On the stimuli that were F3 transitions alone, both populations had non-categorial perception

Contrastiveness and Distributional Patterns These “bell curved” distribution functions, with highest frequency centered symmetrically around a mean are called Gaussian distributions. If a 2-way distinction is contrastive in the language, will it show the unimodal pattern, which has the most actual utterances most centered around the middle of the continuum, or will it have more utterances that are near the extremes? Hint: think about humans’ identification function when there are two contrastive categories along such a continuum

Maye, Werker & Gerken Infants heard: 16 tokens on 8-point ta-da continuum, 4 ma, 4 la 2.3 minutes total Then, they were presented tokens 3 & 6, and tokens 1 & 8 Infants in the bimodal condition looked longer in general They also looked longer when there were 3/6 presented in sequence than 1 or 8 presented alone.

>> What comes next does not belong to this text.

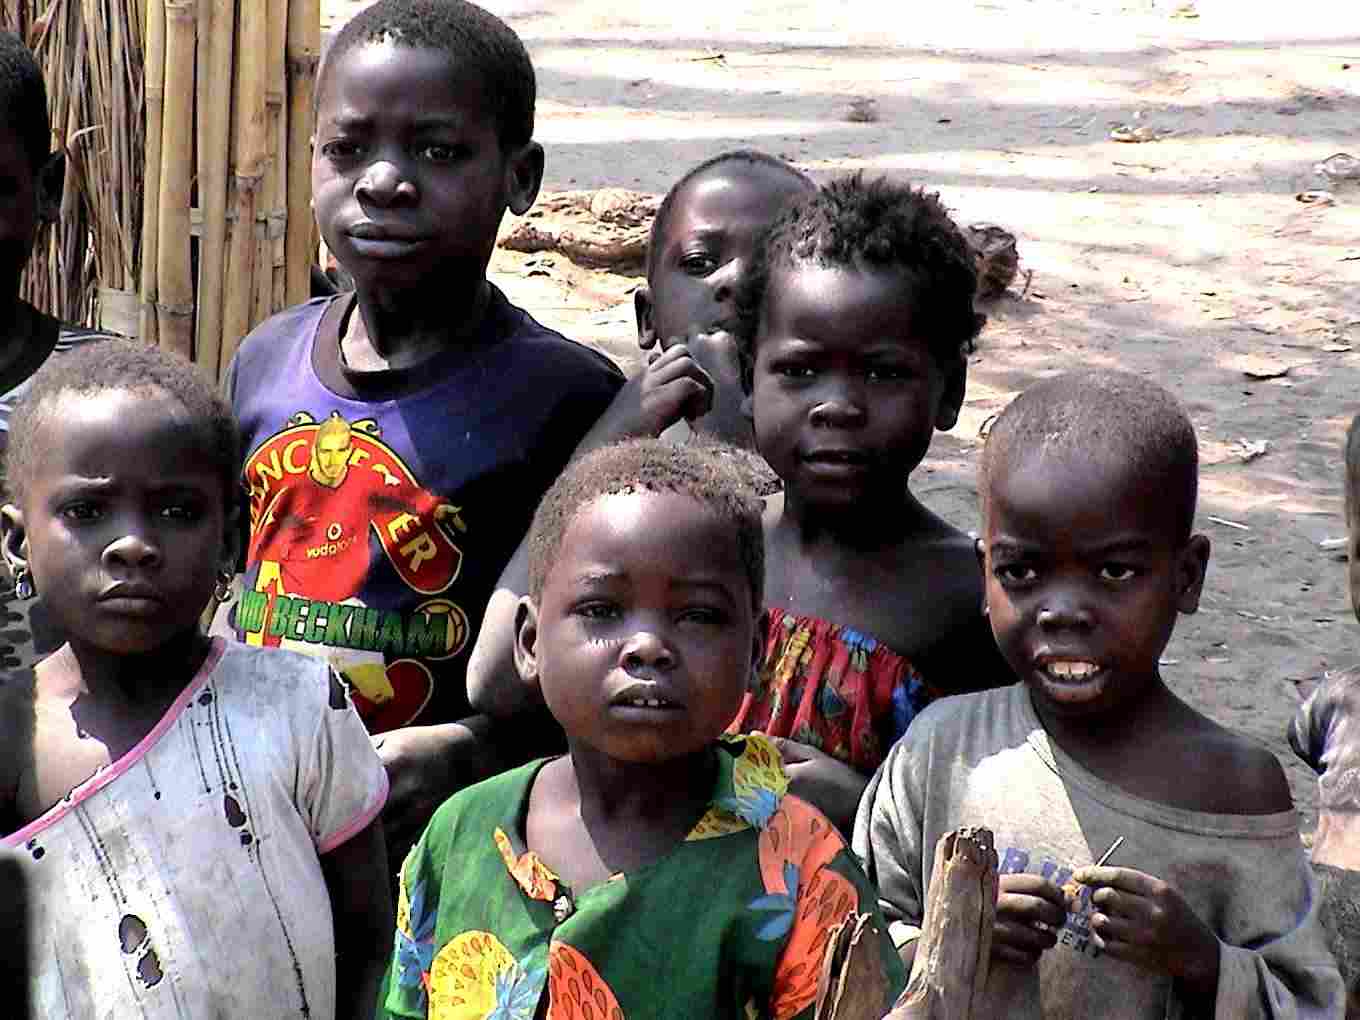 School children in Zambia
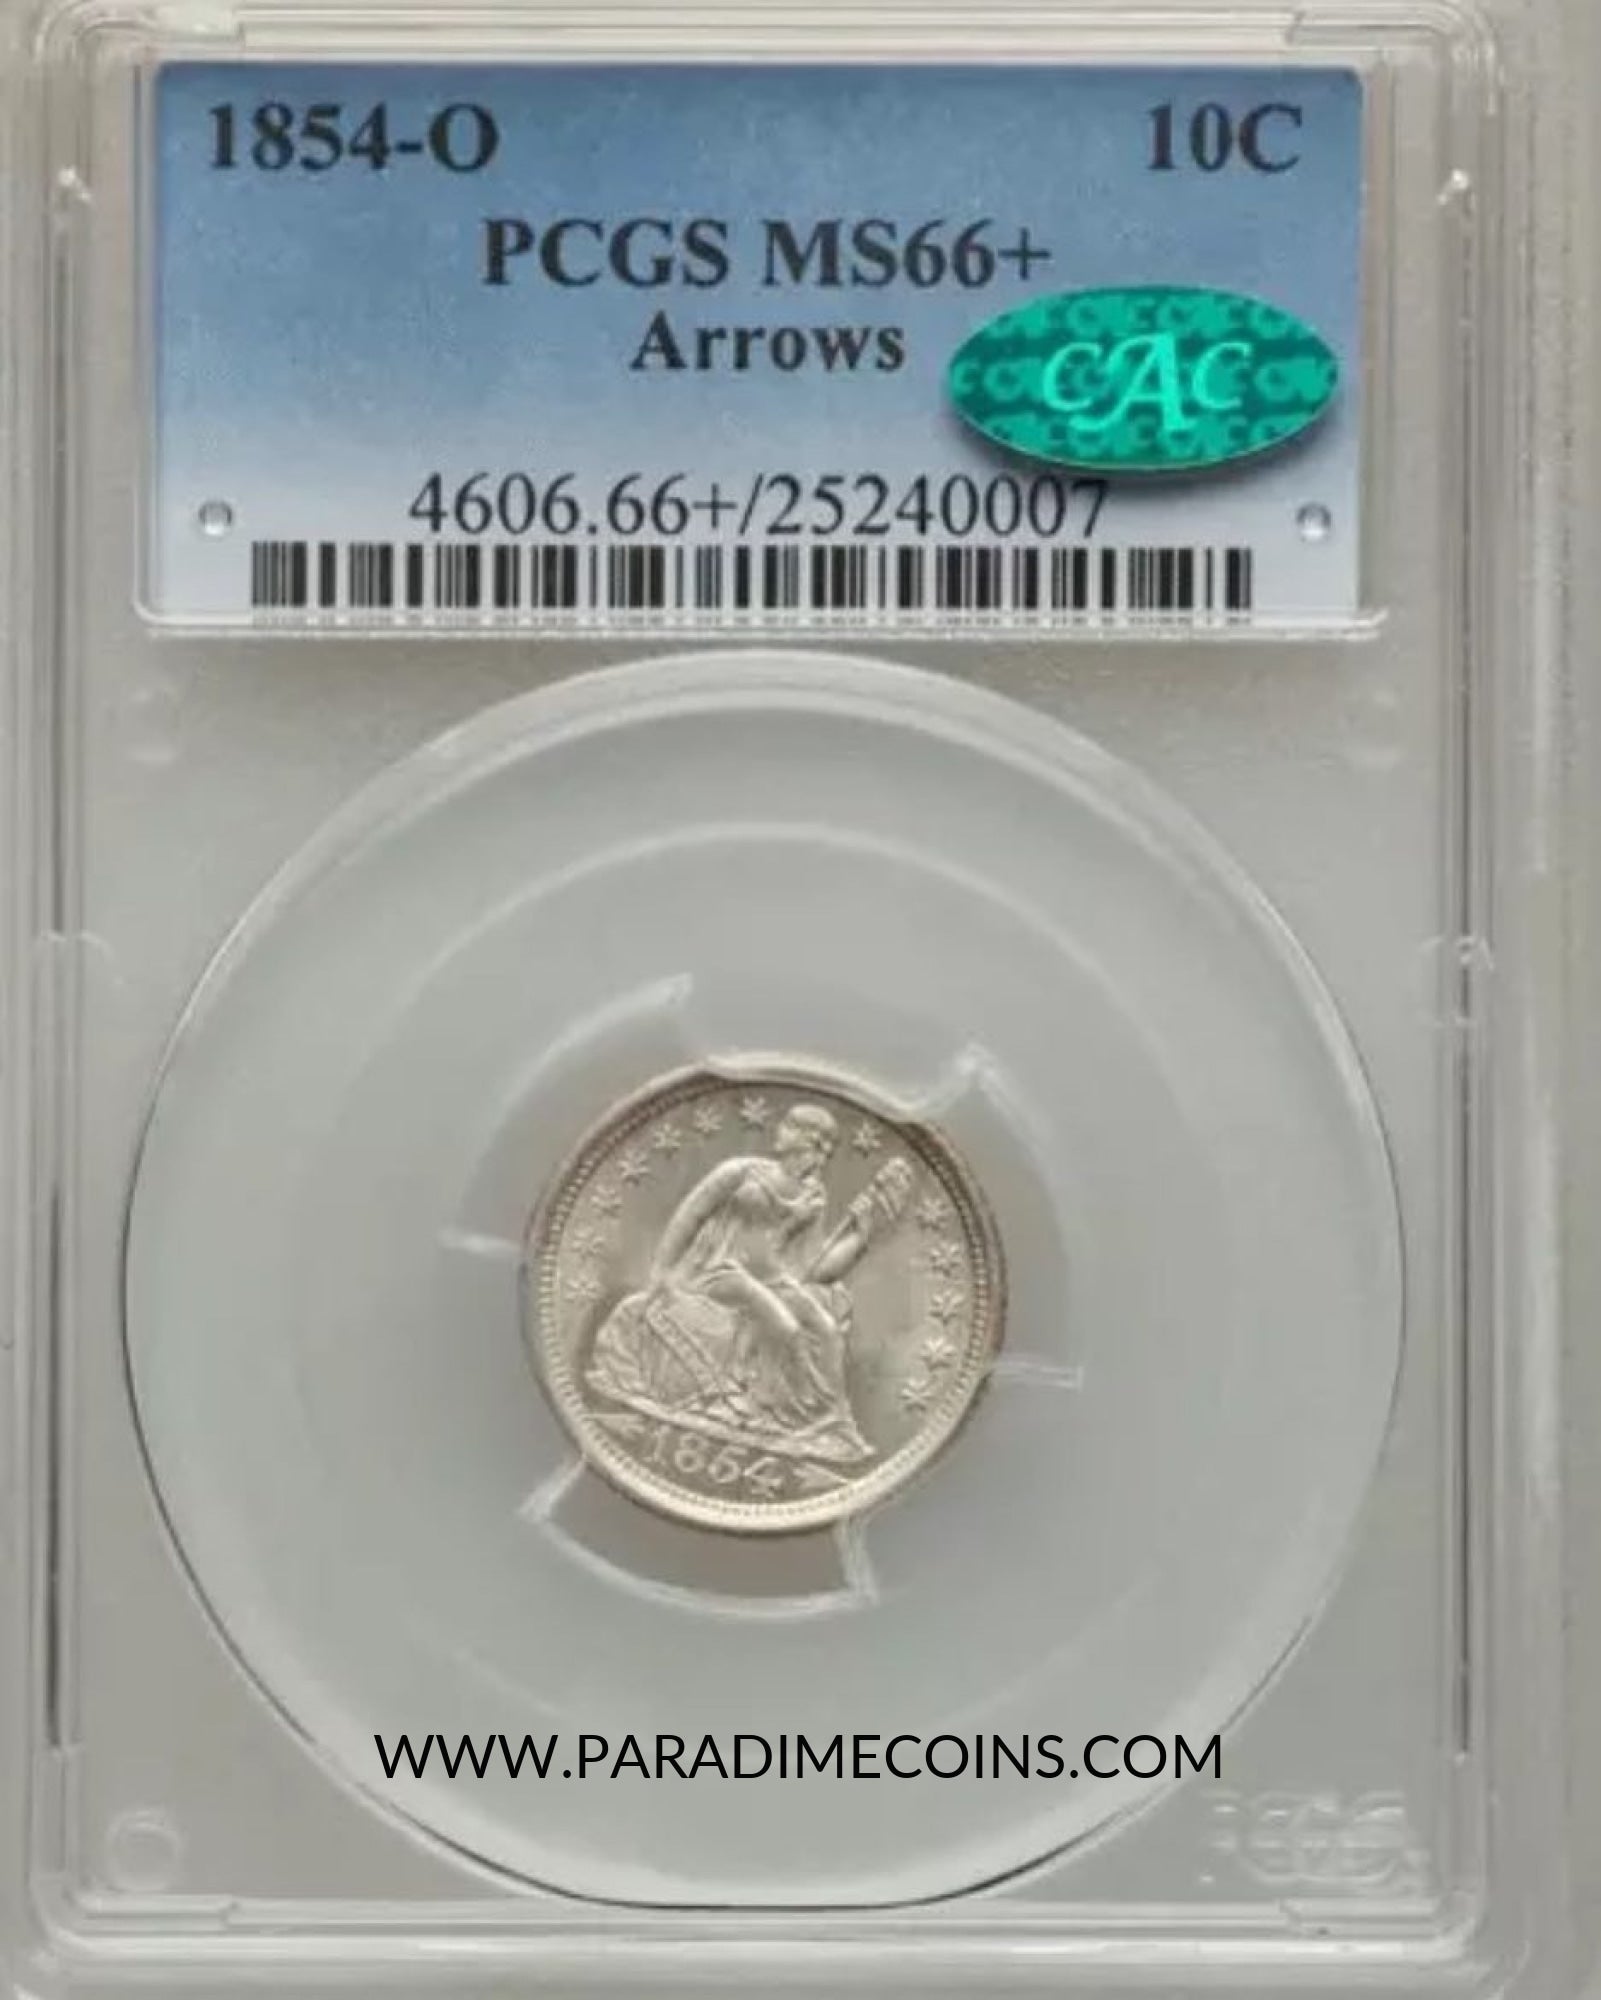 1854-O 10C MS66+ ARROWS PCGS CAC - Paradime Coins | PCGS NGC CACG CAC Rare US Numismatic Coins For Sale

What about allophones? These are also not in a unimodal distribution (though we don’t really have evidence that they are “as bimodal” as contrastive pairs) Learning that two categories are allophonic requires noticing that they are found in completely distinct environments (Notice Maye et.al’s kids heard the stimuli in identical environments: word-inital and followed by the same vowel)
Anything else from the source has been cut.